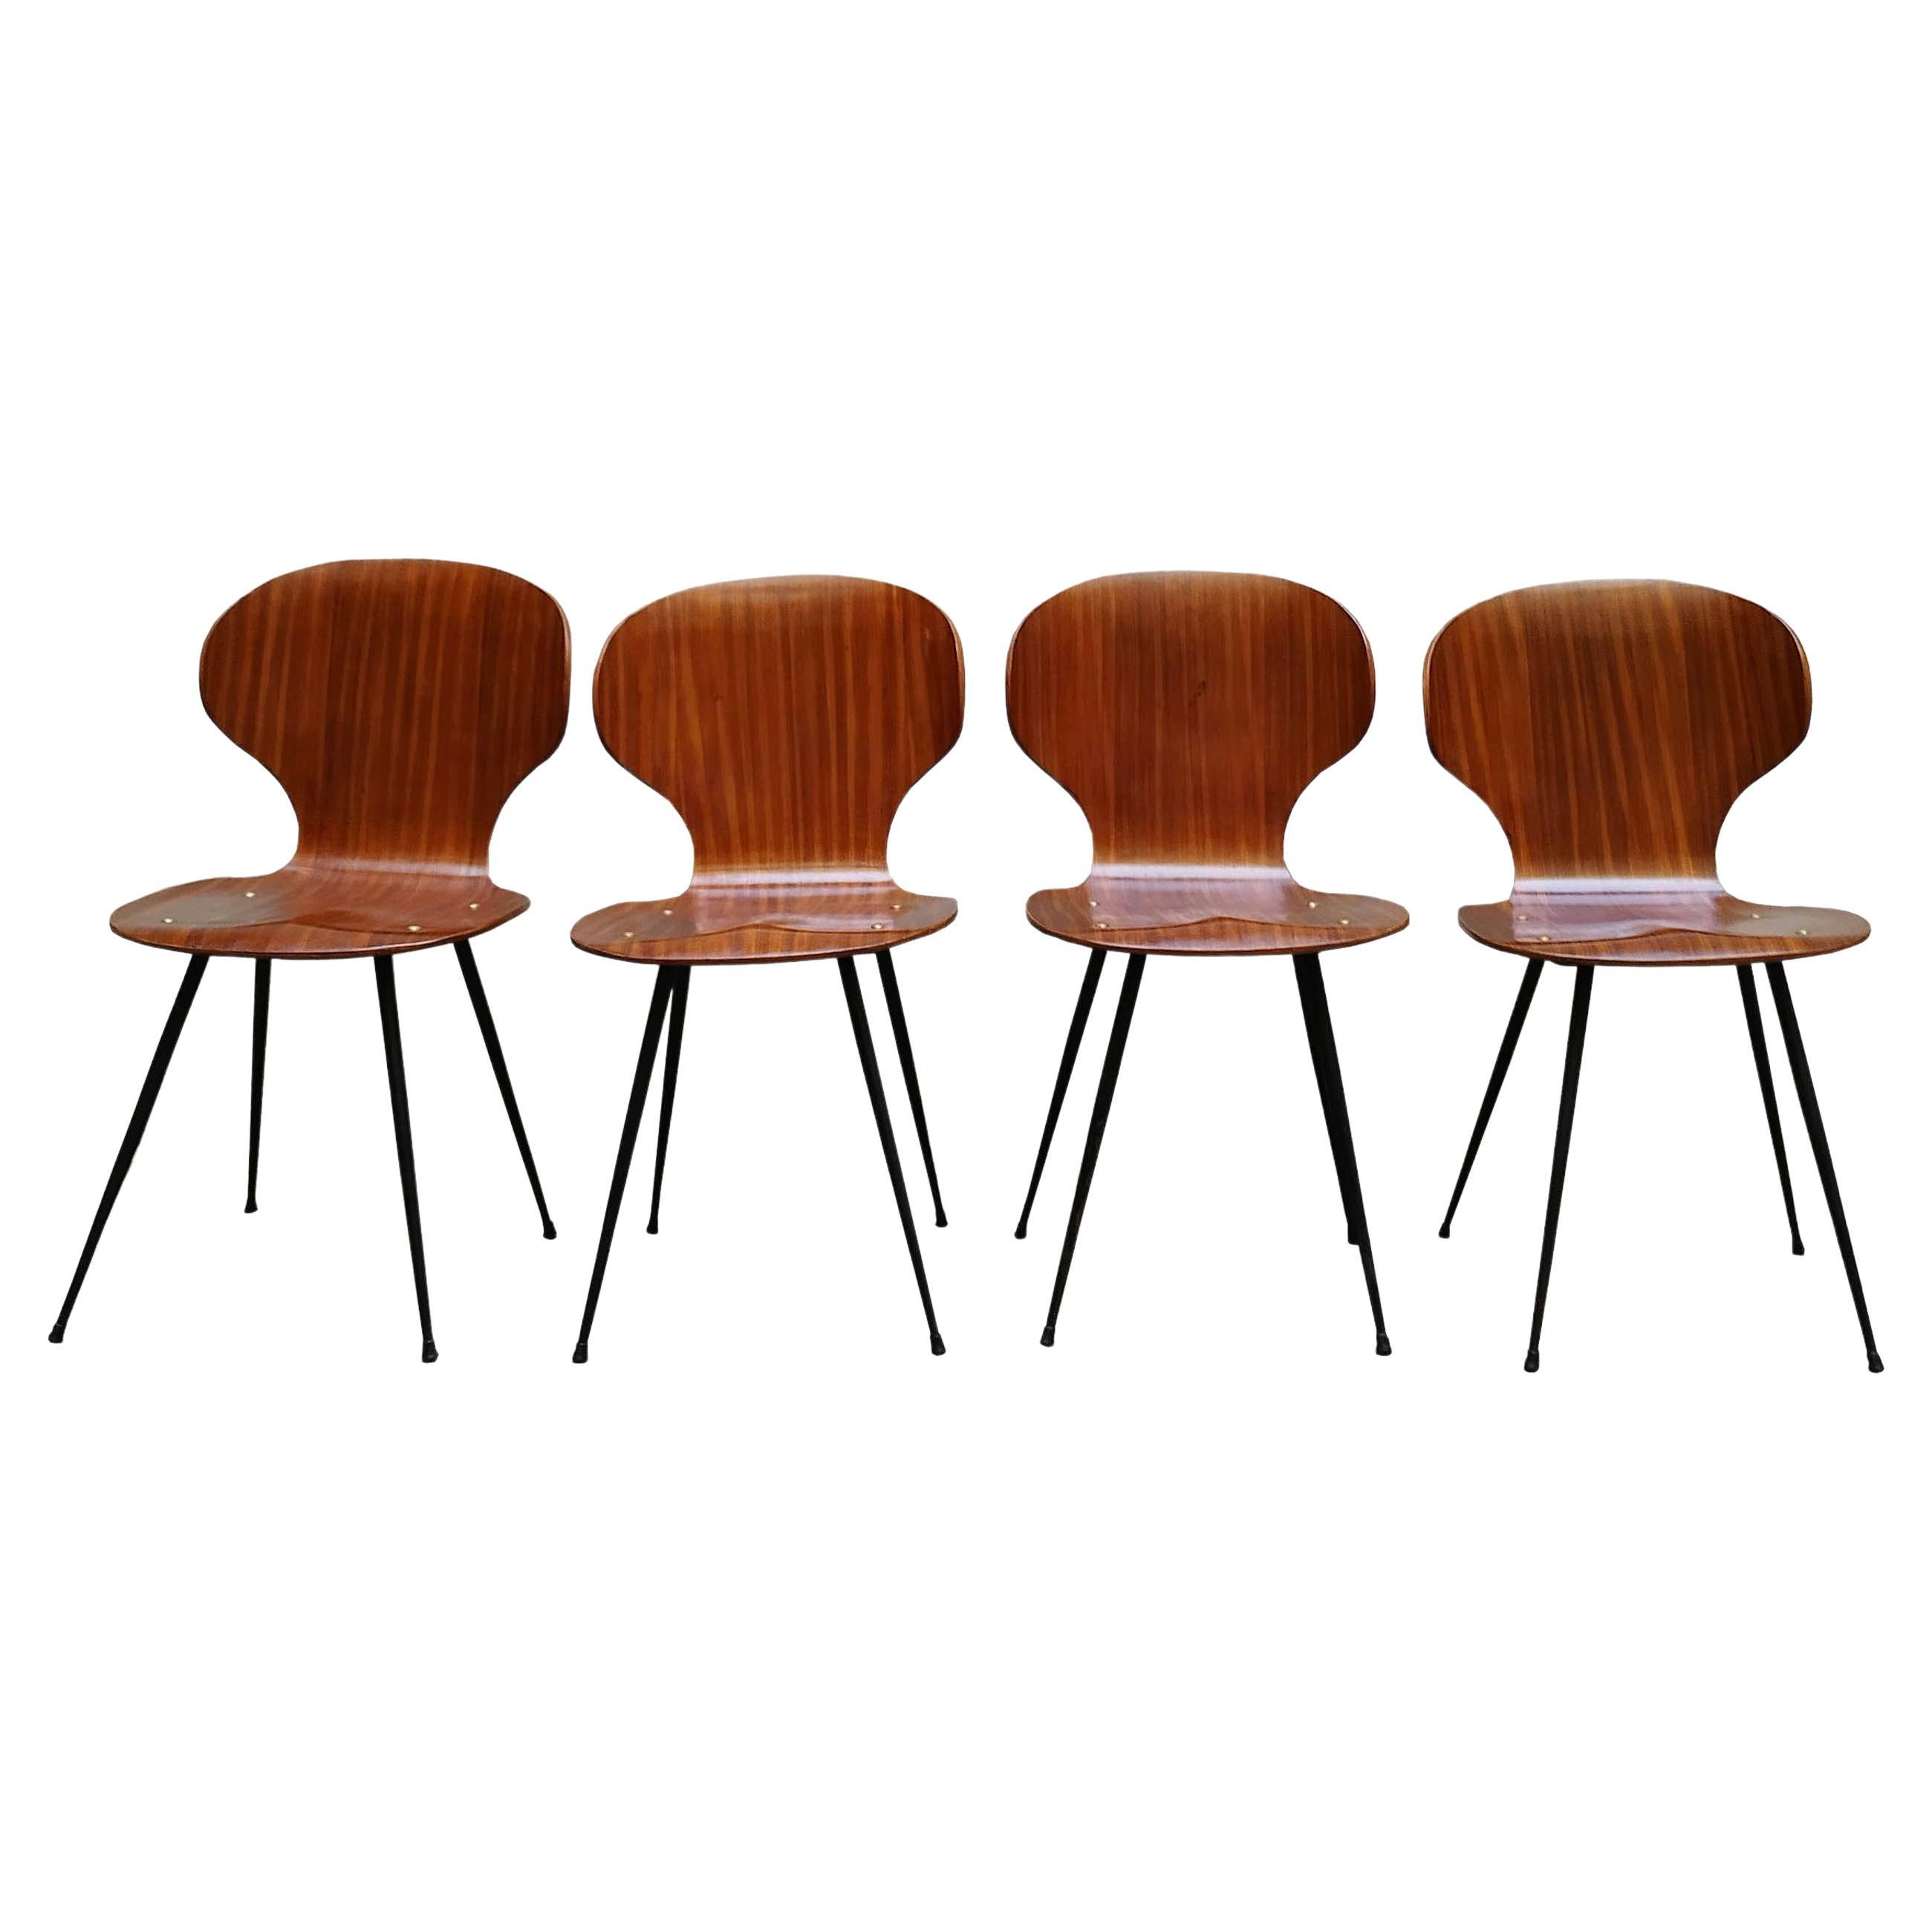 Carlo Ratti Set of 4 Teak Chairs, Italy 1950s For Sale
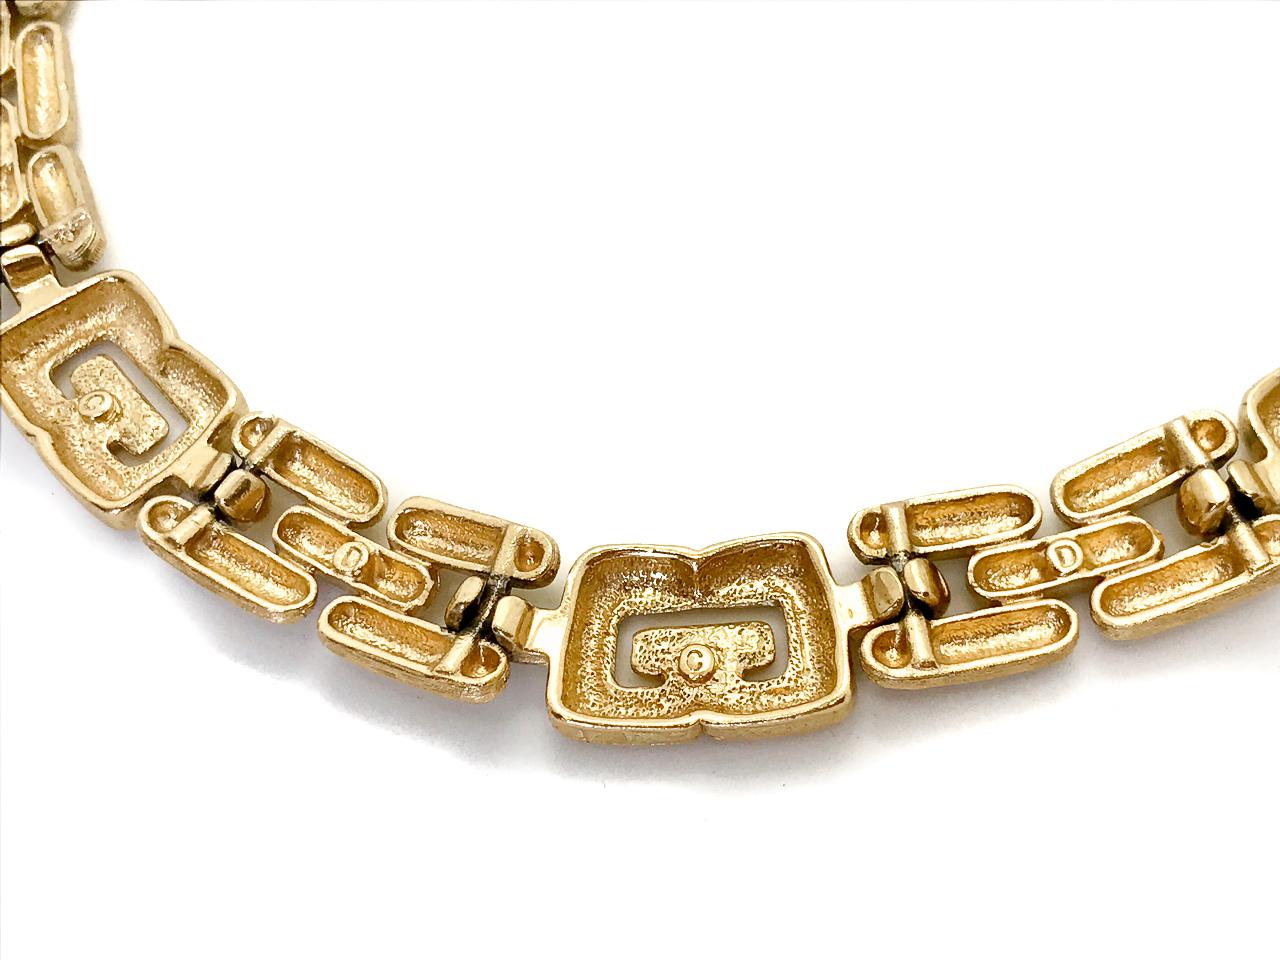 Givenchy 1980s Vintage Gold Plated 'G' Choker Collar Necklace 4
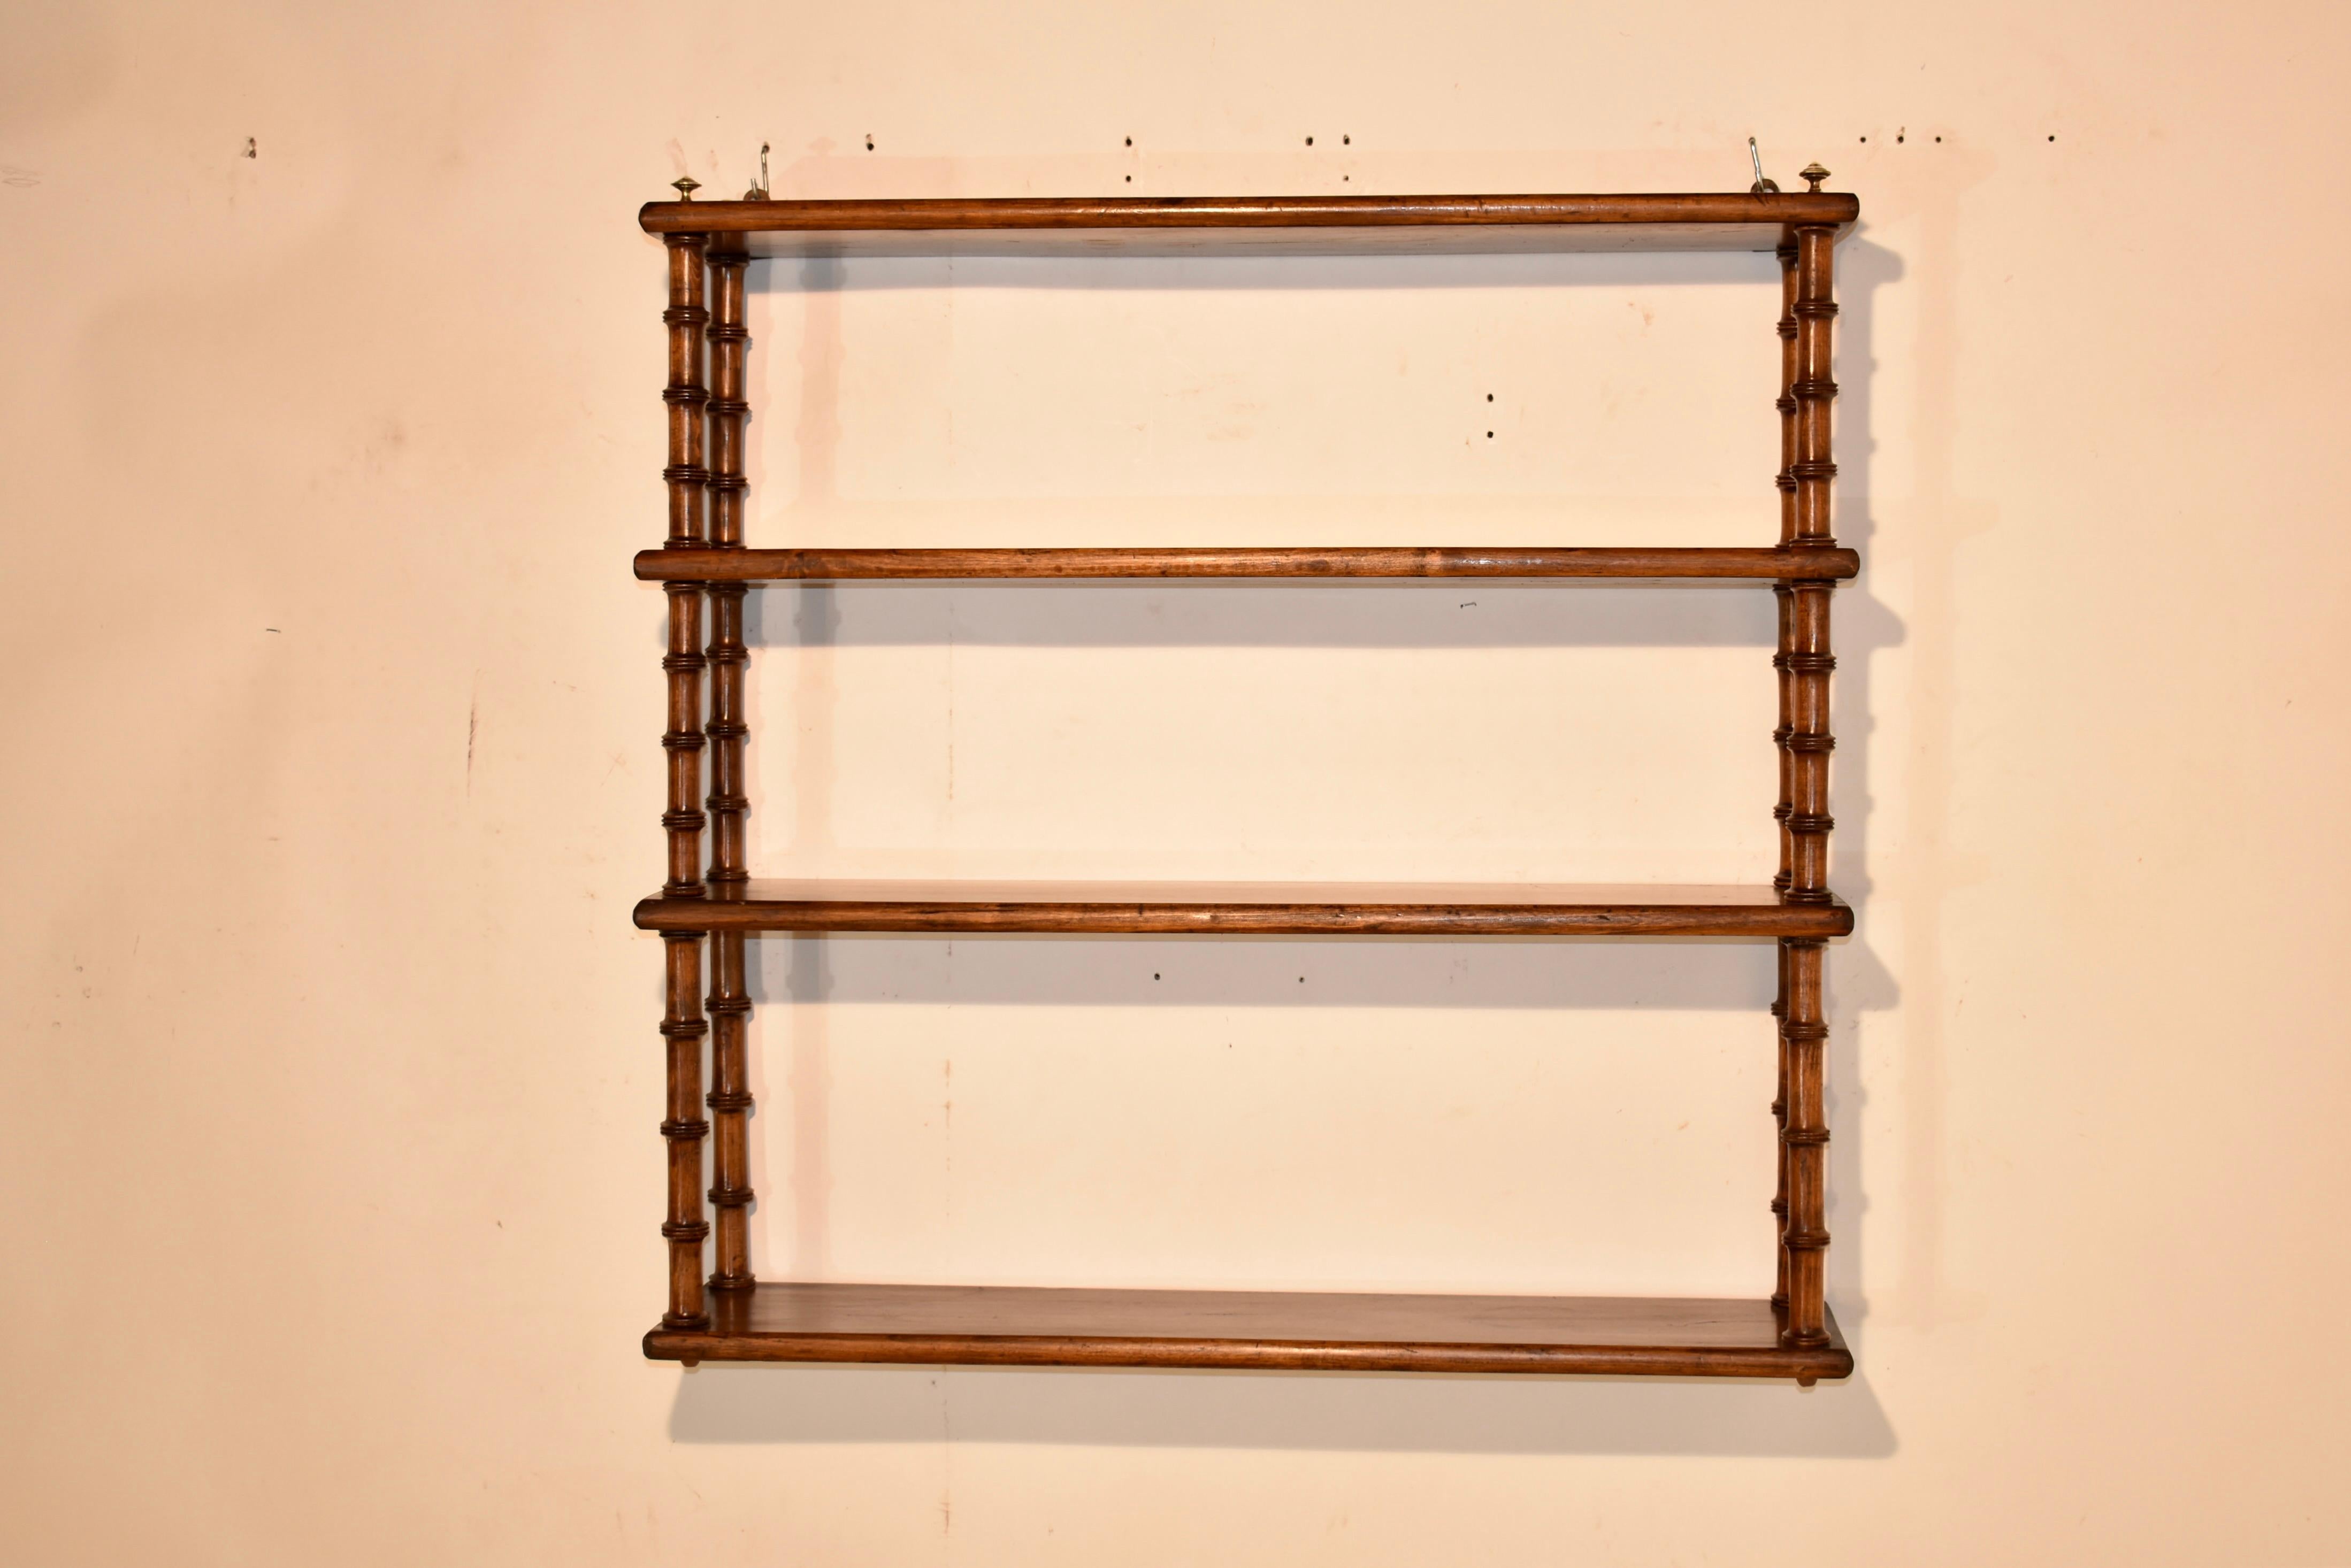 19th century hanging wall shelf from France.  The shelf is made from cherry and rosewood.  There are four shelves, all made from rosewood, joined by hand turned cherry shelf supports.  This is a lovely small shelf, which would be great in a

▸ WHAT IS EXPECTED
Drop the pictures, then reproduce exactly the lines from the one with "Givenchy 1980s Vintage" through the final line of the listing.

▸ RESPONSE TO THIS EXERCISE
 Givenchy 1980s Vintage Gold Plated 'G' Choker Collar Necklace 4
 19th century hanging wall shelf from France.  The shelf is made from cherry and rosewood.  There are four shelves, all made from rosewood, joined by hand turned cherry shelf supports.  This is a lovely small shelf, which would be great in a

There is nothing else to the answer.